“When my mother held the hand of a man dying of AIDS in an East London hospital, no one would have imagined that, just over a quarter of a century later, treatment would exist that could see HIV-positive people live full, healthy, loving lives,” says Prince Harry.

The prince has continued his mother’s work by setting up the charity, Sentebale, in 2006, with Prince Seeiso of Lesotho, to support the mental health and wellbeing of children and young people affected by HIV in southern Africa.

A quarter of a century since his mother’s pioneering work began, thanks to the work of Sentebale and other organisations tackling HIV-related stigma and discrimination, the virus is no longer the death sentence it once was. However, that does not mean the HIV/AIDS community's work is done – far from it. 

 

Complacency threatens progress

 

“We now face a new risk – the risk of complacency,” says Prince Harry.

In the UK, infection rates are still rising in some groups.

“As people with HIV live longer, AIDS is a topic that has drifted from the headlines. And with that drift of attention, we risk a real drift of funding and of action to beat the virus.”

The facts speak for themselves.

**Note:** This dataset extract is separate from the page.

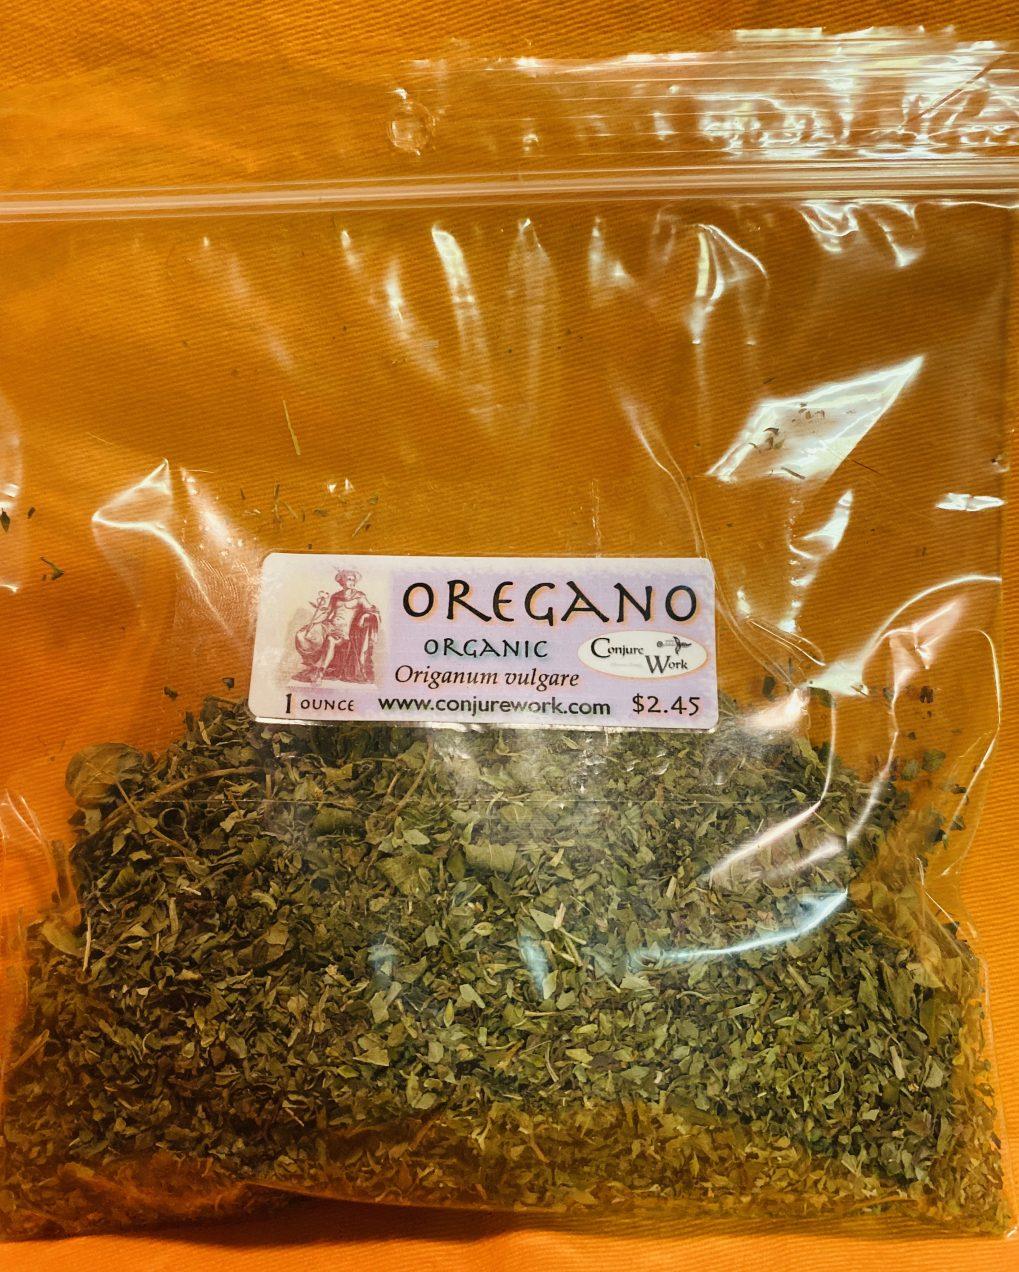 Oregano, Origanum vulgare, herbs for witchcraft, sorcery, Hoodoo spells

HIV remains a leading cause of death for adolescents in sub-Saharan Africa and, within the UK, infection rates continue to rise in some groups despite the availability of instant testing and universal access to treatment. The fear of discrimination continues to deter people from testing for HIV and seeking life-saving treatment.

 

Prince Harry, with youth advocate Tlotlo and Professor Peter Piot, Director of LSHTM, in July 2017. Photo © Chris Jackson/Getty

Empowering a new generation

 

If we are to maintain positive momentum and push forward to an AIDS-free future, Sentebale’s co-founding patron, Prince Harry, believes we need to listen much more closely to young people living with HIV.

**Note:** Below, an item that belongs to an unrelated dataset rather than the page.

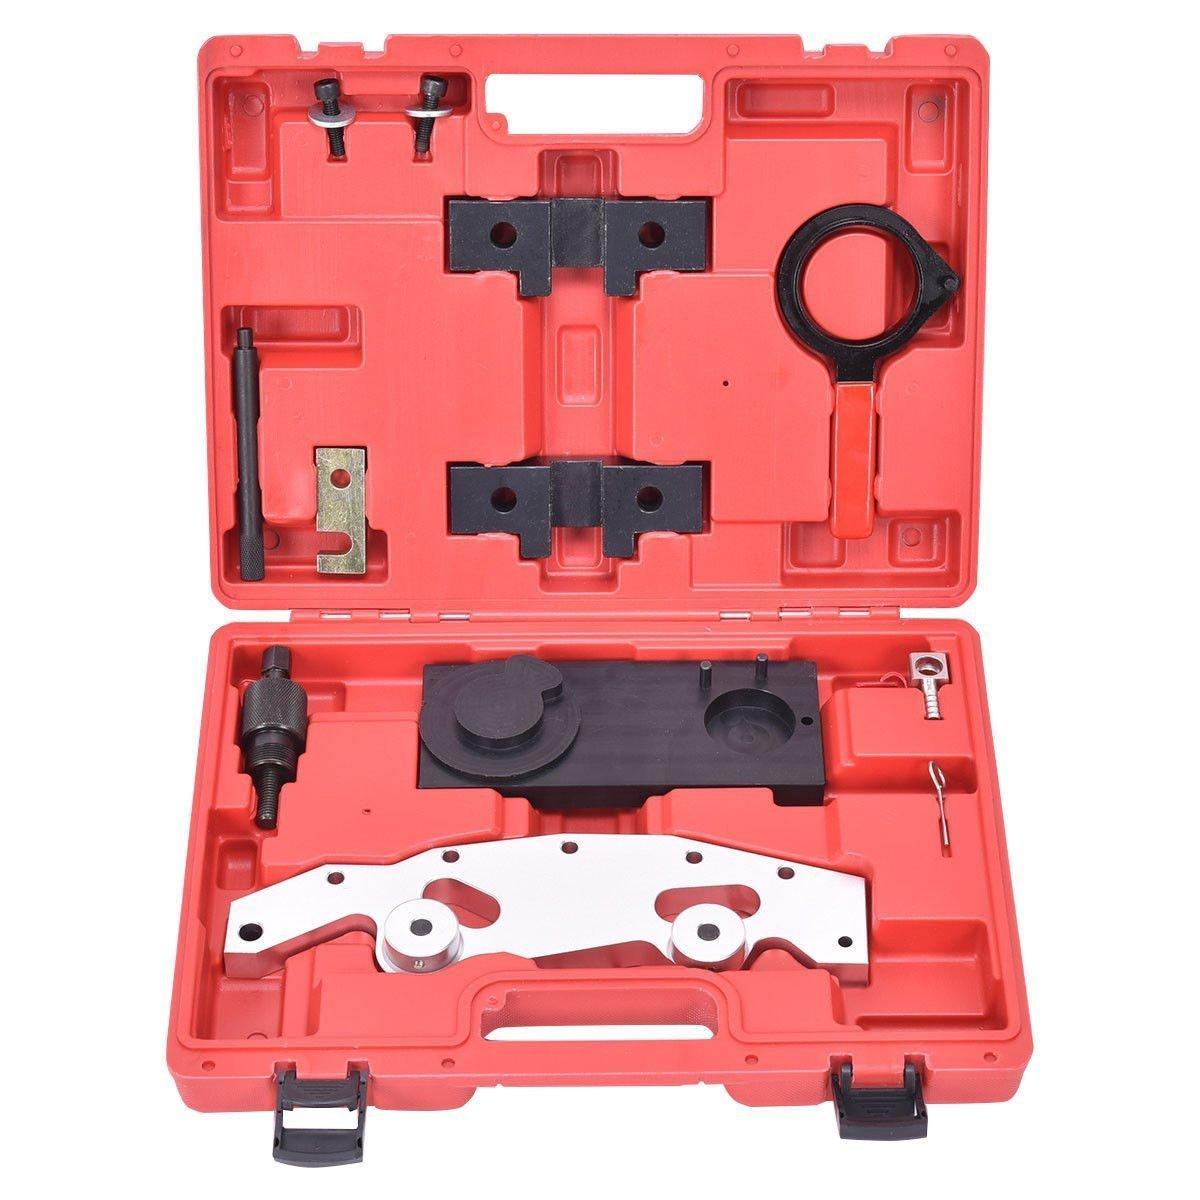 Goplus Camshaft Alignment Timing Tool Kit w/ Double Vanos For BMW M52TU M54 M56

“What I believe is that we cannot beat HIV without giving young people in every country the voice they deserve. Without education and without empowerment, HIV will win,” he says.

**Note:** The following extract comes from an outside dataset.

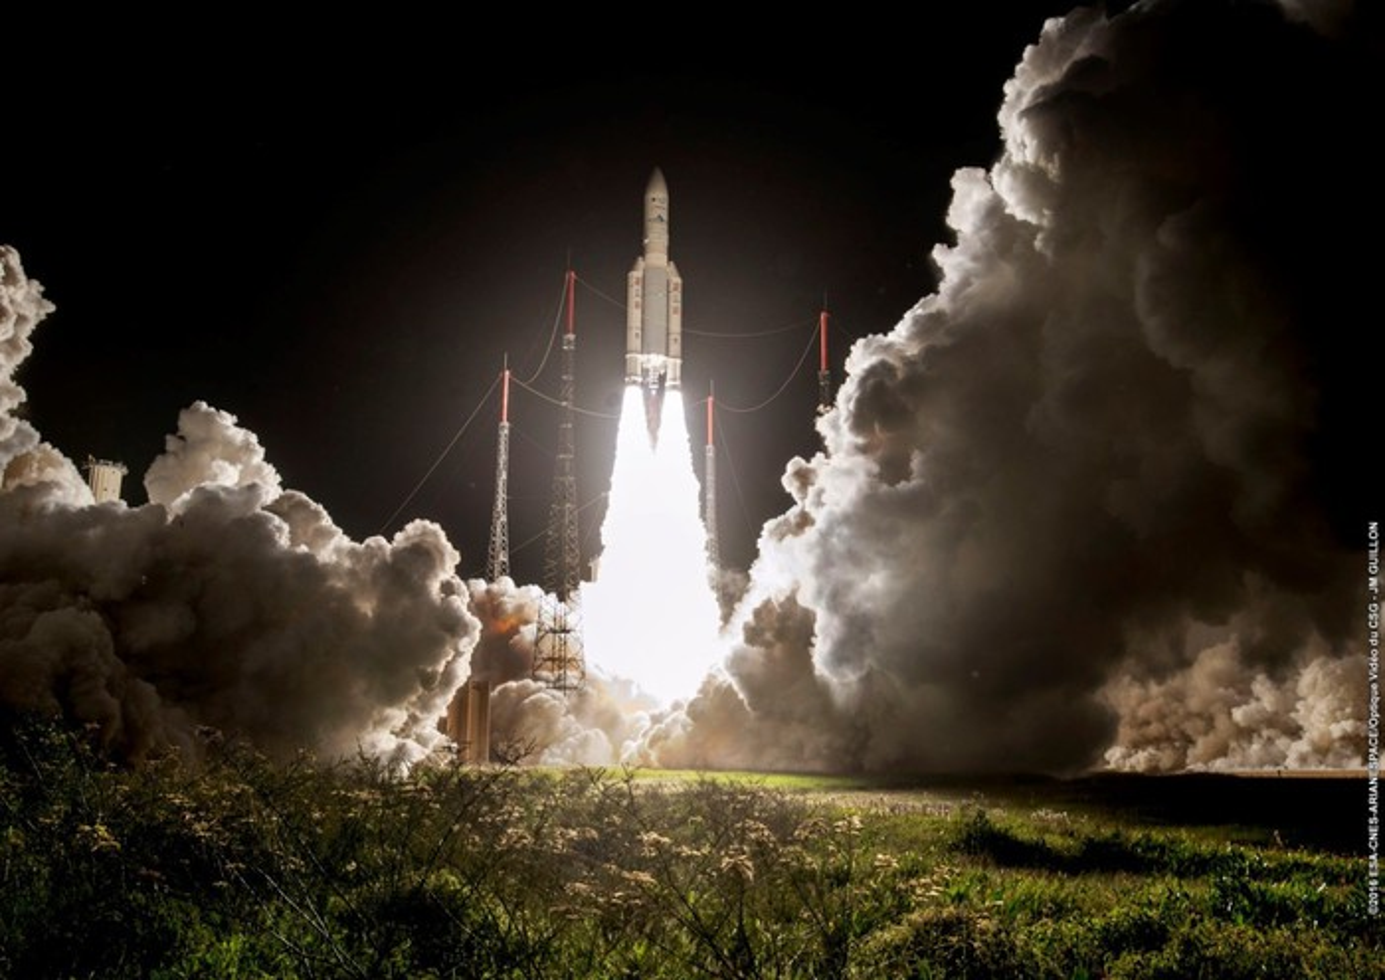 Intelsat's 29e rocket launch.

Focussing on physical effects isn't enough; wider social and emotional needs are often overlooked.

This approach is one the prince has championed through Sentebale. Research shows that young people in southern Africa, who are in need of support for HIV, not only face many barriers in their quest to access care, but that their wider social and emotional needs are often overlooked in the process.

“We knew that just focussing on the physical effects of the disease wasn’t enough. I’ve seen first-hand the amazing progress that has been made in treating the physical and mental effects of HIV,” he explains. “Seeing young people who have so little, yet who work so hard to support their friends and educate their families about HIV, continues to inspire all of us at Sentebale. They are why I care so much about this fight.”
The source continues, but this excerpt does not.